Not sure I can post here.
My Dd is 4. She should have been a twin.
I have buried this deep down inside of me and never dealt with it.
In a nut shell, I had early scans and it showed 2 egg sacs. Both grew, both developed heart beats. One was smaller then the other. At 10 weeks both were growing well. At 11 weeks I had a fight with my then husband, and he shoved me. So hard I fell, skidded across the floor and hit the wall.
My abdomen over the next few hours throbbed and hurt. I went to a&he who did an internal examination and said the cervix was well closed etc and to keep an eye on the pain. Sent me home.
At 12 week scan only one had a heart beat. Midwife was surprised.
I told my friends and family that it simply had t developed but it was bigger then it had been at the 10 week scan. No one can say for sure why it stopped growing. I'm convinced it's cos of the violence.

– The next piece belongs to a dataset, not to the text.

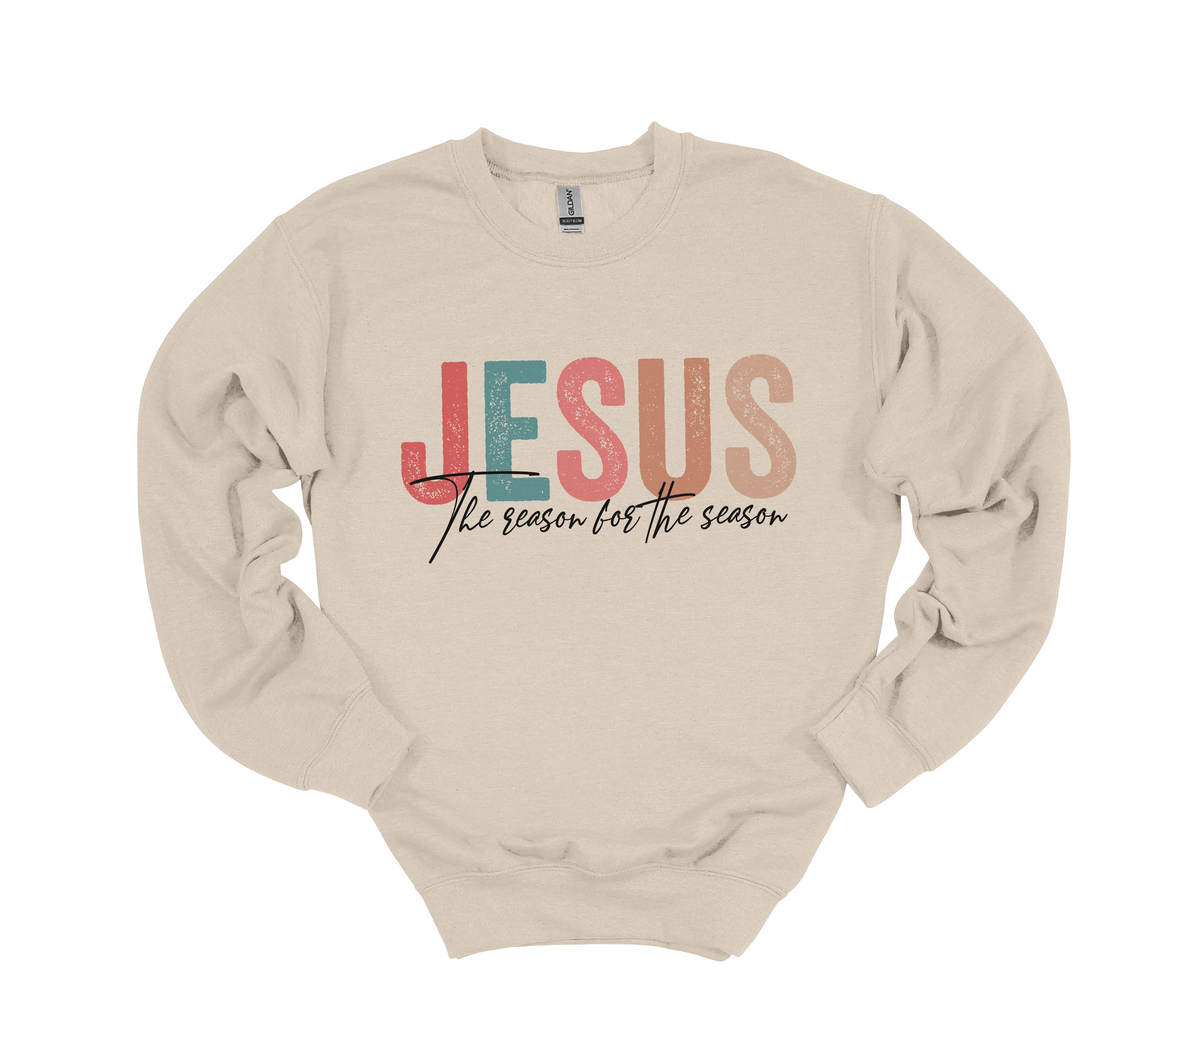 Jesus-The Reason for the Season
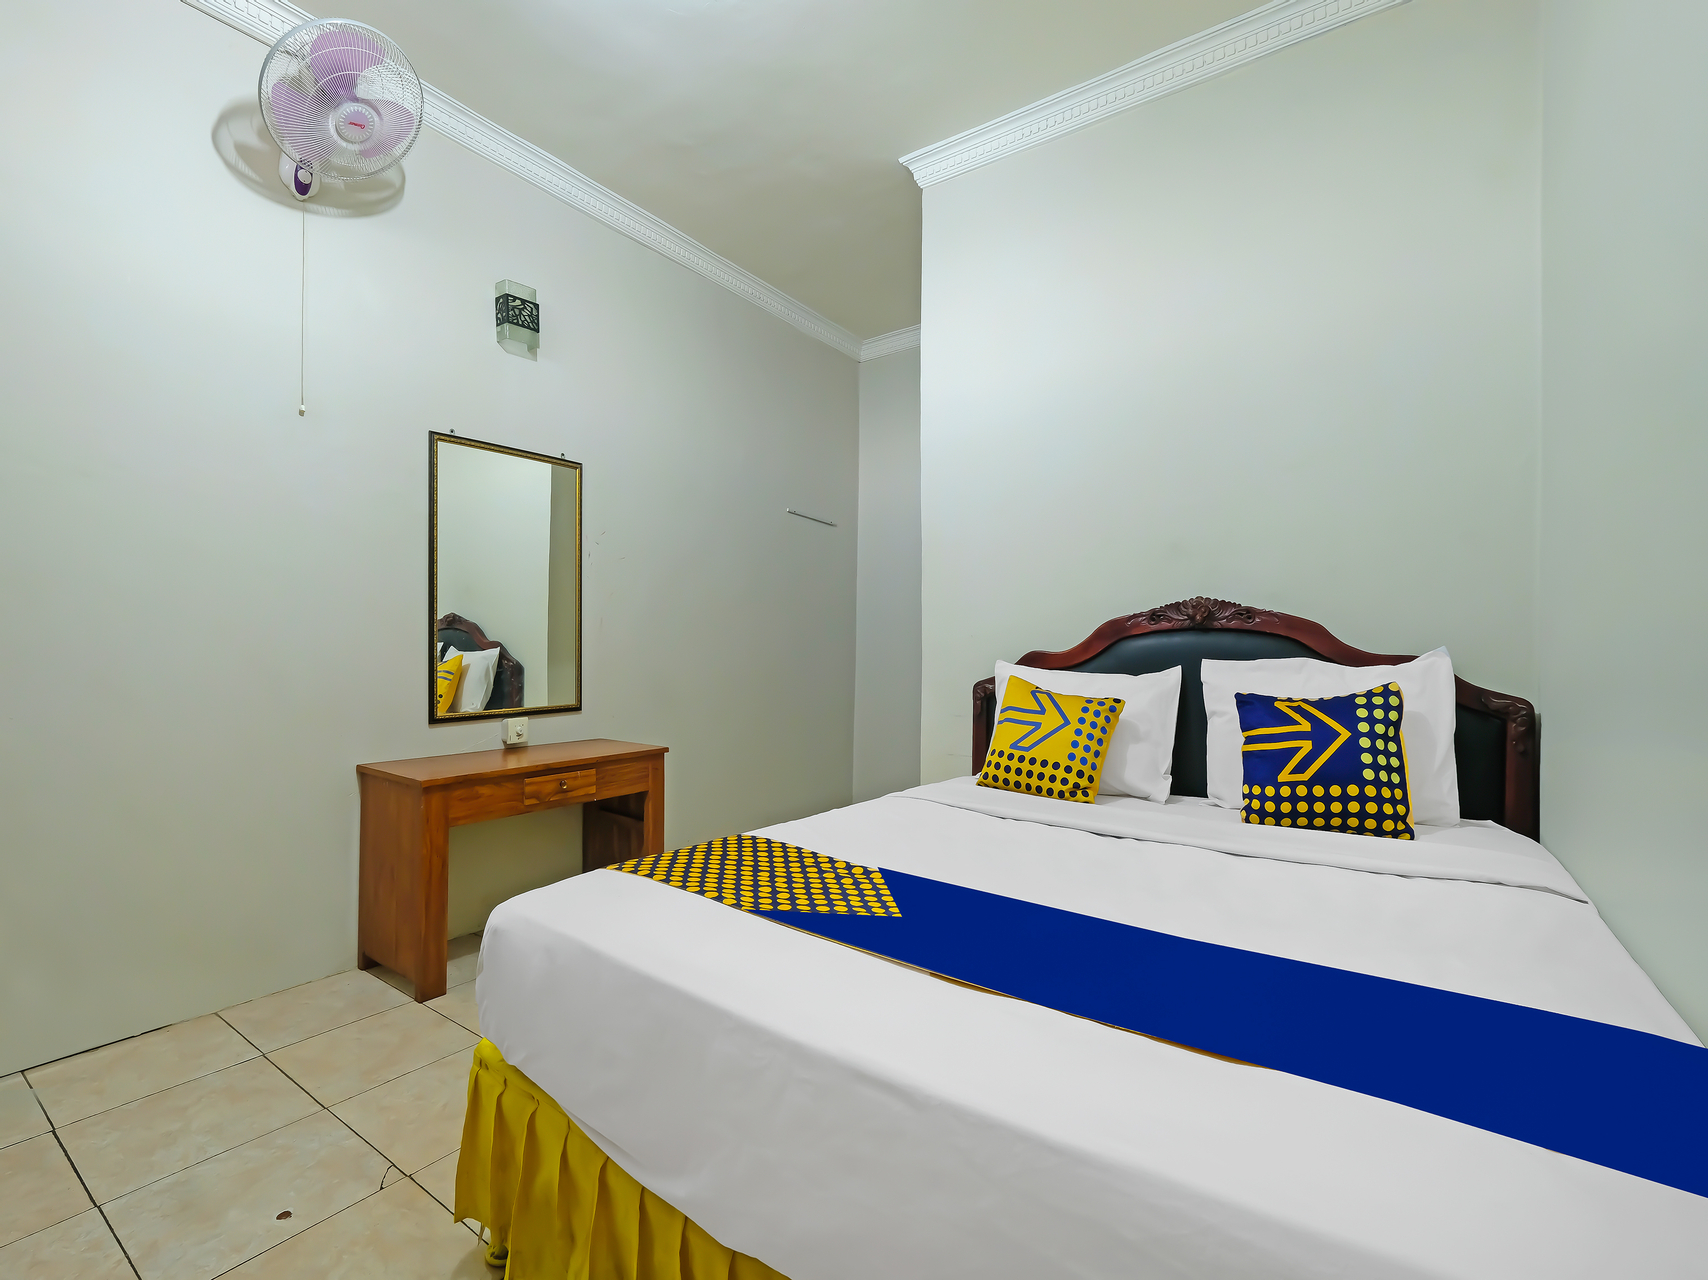 Bedroom 1, SPOT ON 91930 Hotel Citra Dewi 4 Manunggal, Semarang

I buried this deep inside myself and never dealt with it.
STBXH (yes I stayed with him, turns out it was a VERY abusive controlling marriage and I couldn't see it) fobbed me off about it and poo-poo'ed the whole thing so I never dealt with it.
Now we're separated and I'm doing school run and I'm my Dd's class are 2 sets of twins. I'm suddenly struggling to cope with this. It's like someone ripped open the buried memory and is shoving it in my face saying 'deal with me!'
And I don't know how.
Hope I'm not in the wrong place here. I feel very alone. Did I lose a child?
I didn't miscarry, I didn't still birth.
But 'it' had a pulse. And then it didn't anymore. And that feels like death.